Yes, free market policies work to promote economic growth; lower marginal tax rates encourage higher incentives and production. In addition, less government involvement usually reassures investors that their money will be returned, so long as they invest wisely.
Marginal tax rates are defined as the tax rate applied to the last dollar earned, essentially determining how much a producer is allowed to keep out of what they produce. At a 25% tax rate the producer keeps 75% of their production, and so on. Thus, the lower the tax rates the higher the incentives for production, job creation, business expansion, higher wages… As a consequence, a tax cut reduction of, lets say $100 billion, does not affect the economy by just $100 billion because this reduction affects every dollar (or unit of currency). It affects every future economic decision regarding whether to invest in America, create new jobs in the country, and even move from abroad to work here (like yours truly). These decisions will be based on such tax rates.
For these reasons, lower tax rates promote economic growth (if paired with sensitive government spending, of course). Such was the case in the 1920s, 60s, 80s, and through the mid 2000s.
Lastly, we need to pay attention to the implementation of monetary policy to keep the dollar stable to avoid depreciating the currency and scaring off potential investors and entrepreneurs. Failure to do this, as President Bush taught us, undermines the success of economic growth.
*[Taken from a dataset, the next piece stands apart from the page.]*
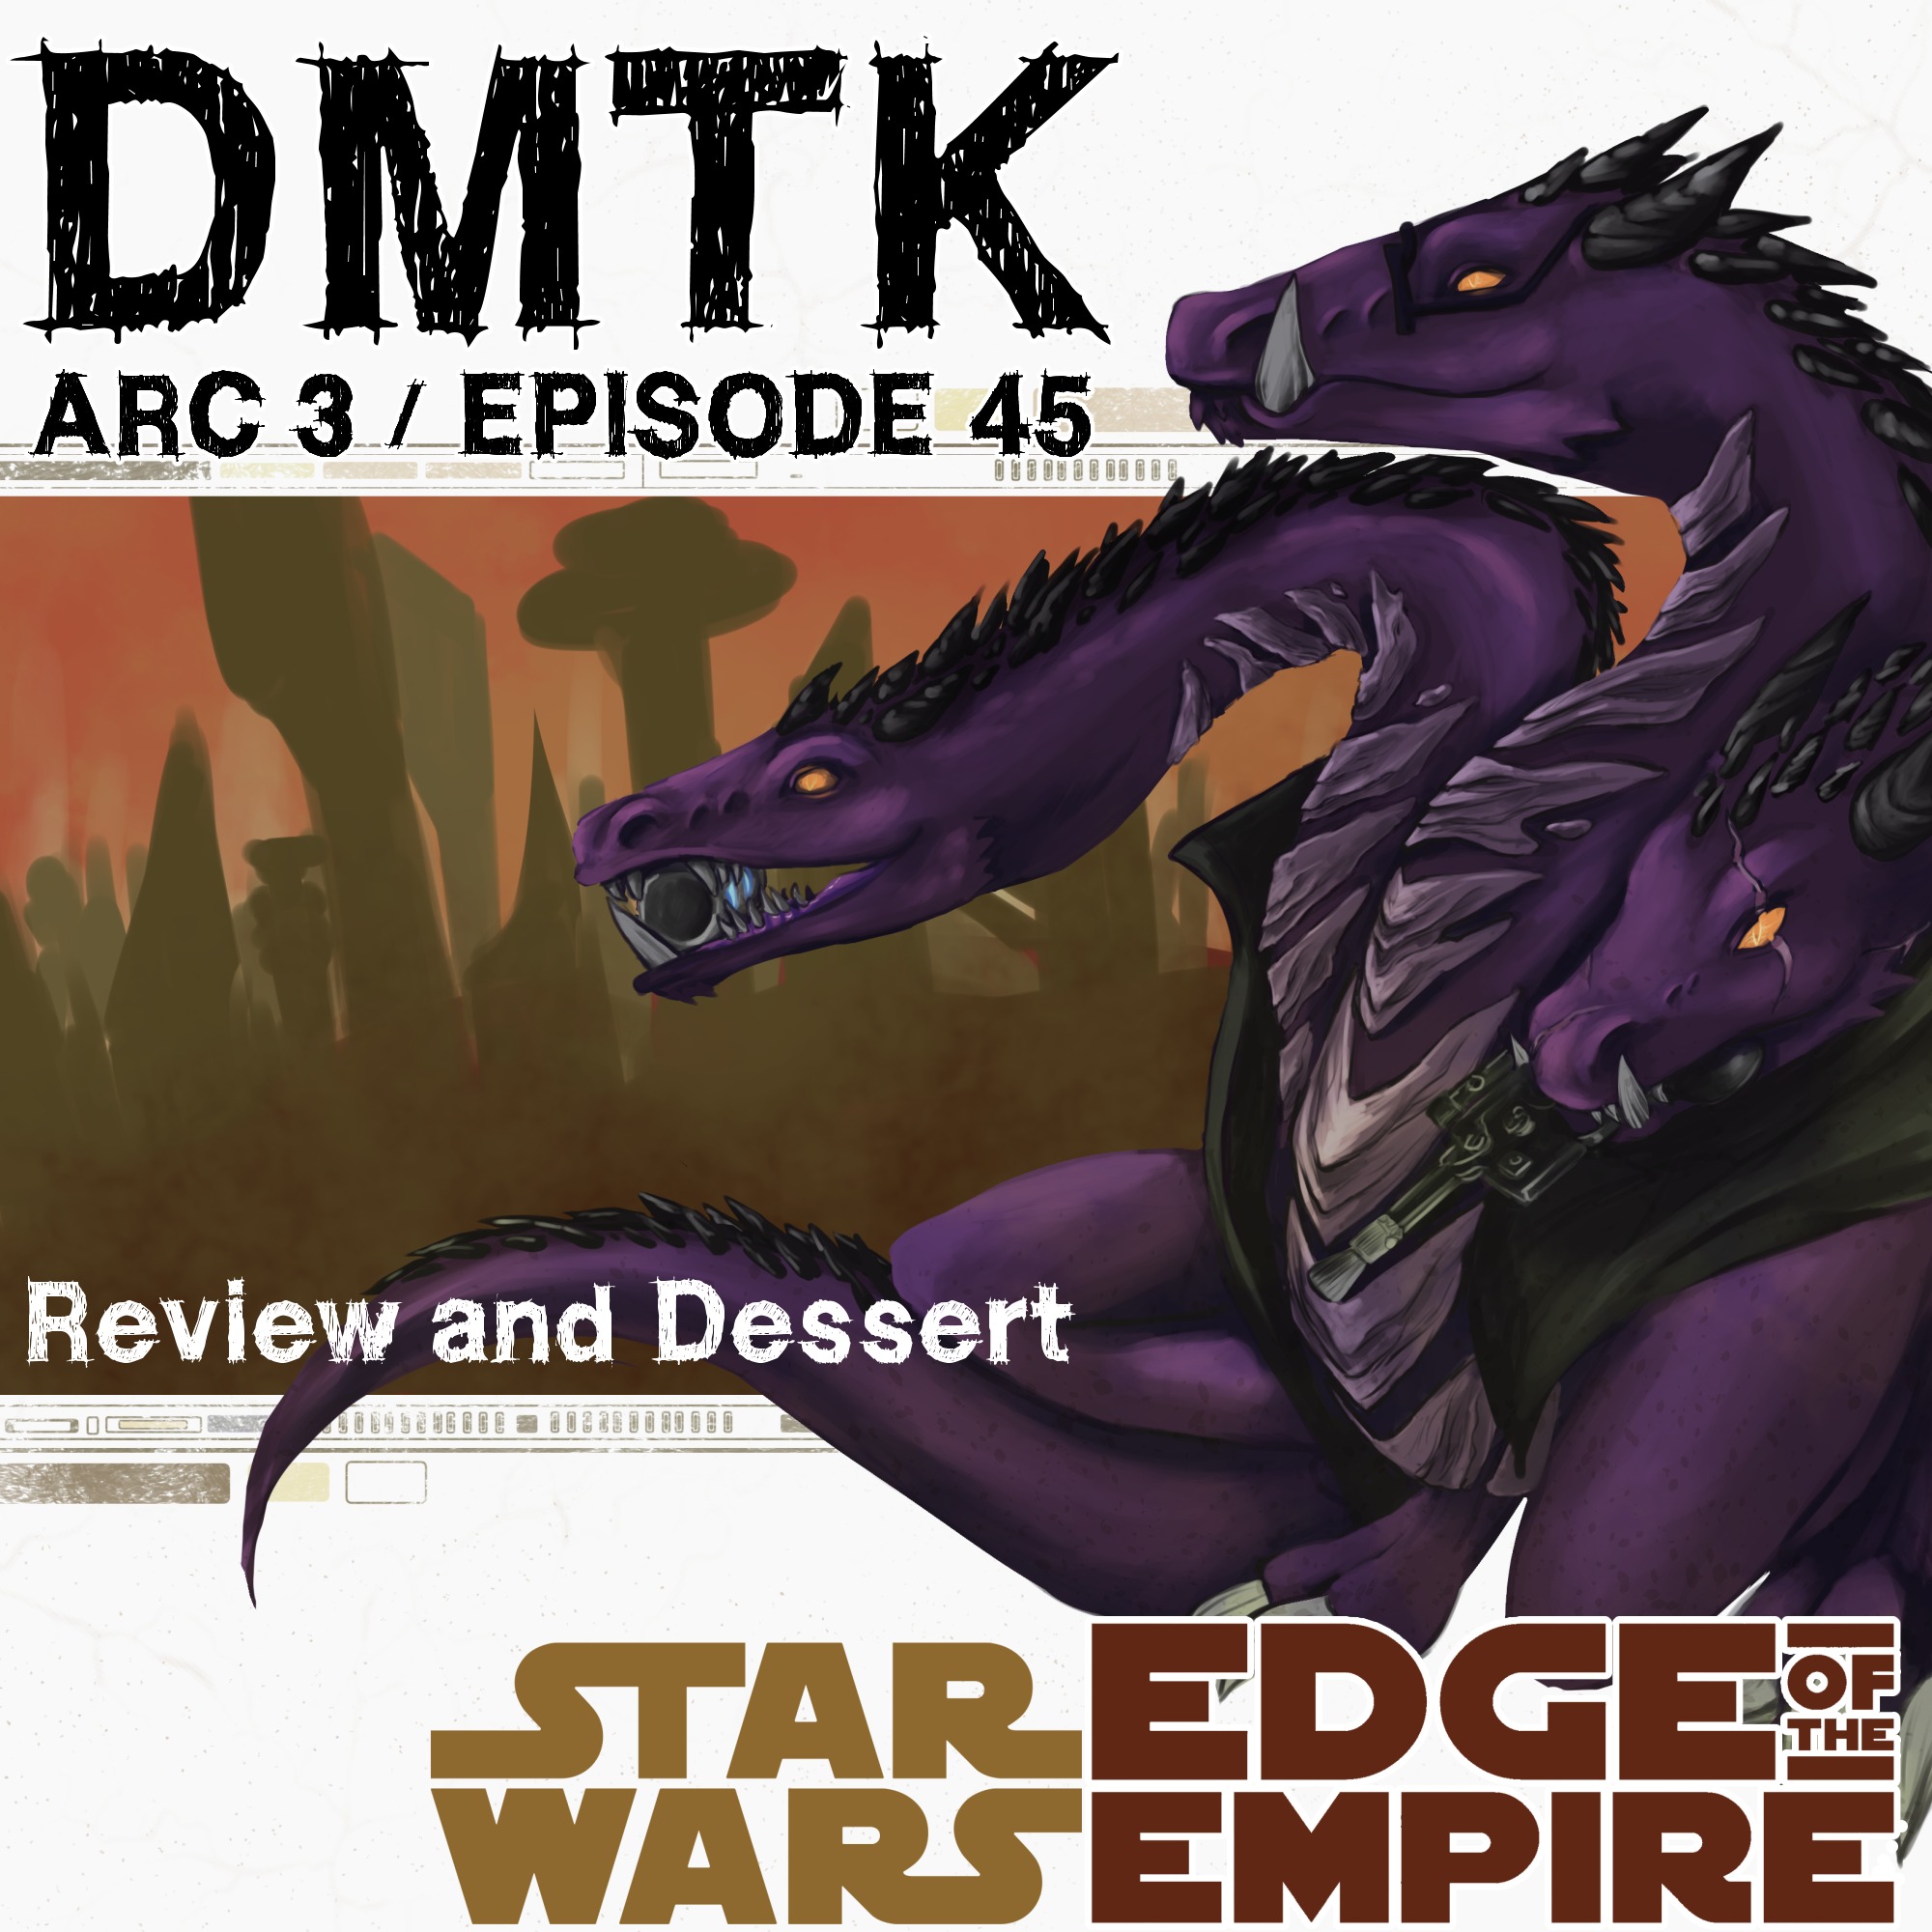 Arc 3 / Episode 45 - Star Wars EotE - Review and Dessert

Bush and his senseless Treasury Secretaries implemented a carefully designed cheap dollar monetary policy in the 2000s, backed by “Helicopter Ben” Bernanke who felt über comfortable dropping dollars out of a helicopter in order to “speed up” economic growth. And Man, Oh Man. Did that NOT work out, or what!
So, as much as I’d love to hate on the free markets (which deep down I do because it means I gotta work harder) I can’t help it but stand for it. Because the opposite is really not that good of an option as of right now.
As such, it seems a little scary that President Obama neglects to acknowledge this. I mean, for peet´s sake, at least acknowledge it. Instead, this is what he said on Dec 6 speech in Kansas on his Obamanomic. “The market will take care of everything, If only we cut more regulations and cut more taxes – especially for the wealthy – our economy will grow stronger. Sure, there will be winners and losers. But if the winners do really well, jobs and prosperity will eventually trickle down to everyone else. And even if prosperity doesn’t trickle down, they argue, that’s the price of liberty.” Oh, really boss? That sounds fun argument to add more bureaucracy and governmental waste. Now, tell me, what do you think of the free markets? “It doesn’t work. It’s never worked. It didn’t work when it was tried in the decade before the Great Depression. It’s not what led to the incredible post-war boom of the 50s and 60s. And it didn’t work when we tried it during the last decade.” Kennedy begs to differ: “A rising tide lifts all floats.” And me too: Fighting the free market oriented monetary and taxes policies is only going to raise the hill ahead of us, we need economic growth. All due respect Mr. President, I do like you, but we need economic growth NOW.
But, don’t take my opinion. I beg of you, form your own. And the share them with me, I’d love to hear your thoughts about it. Because between all of us, we can figure this out.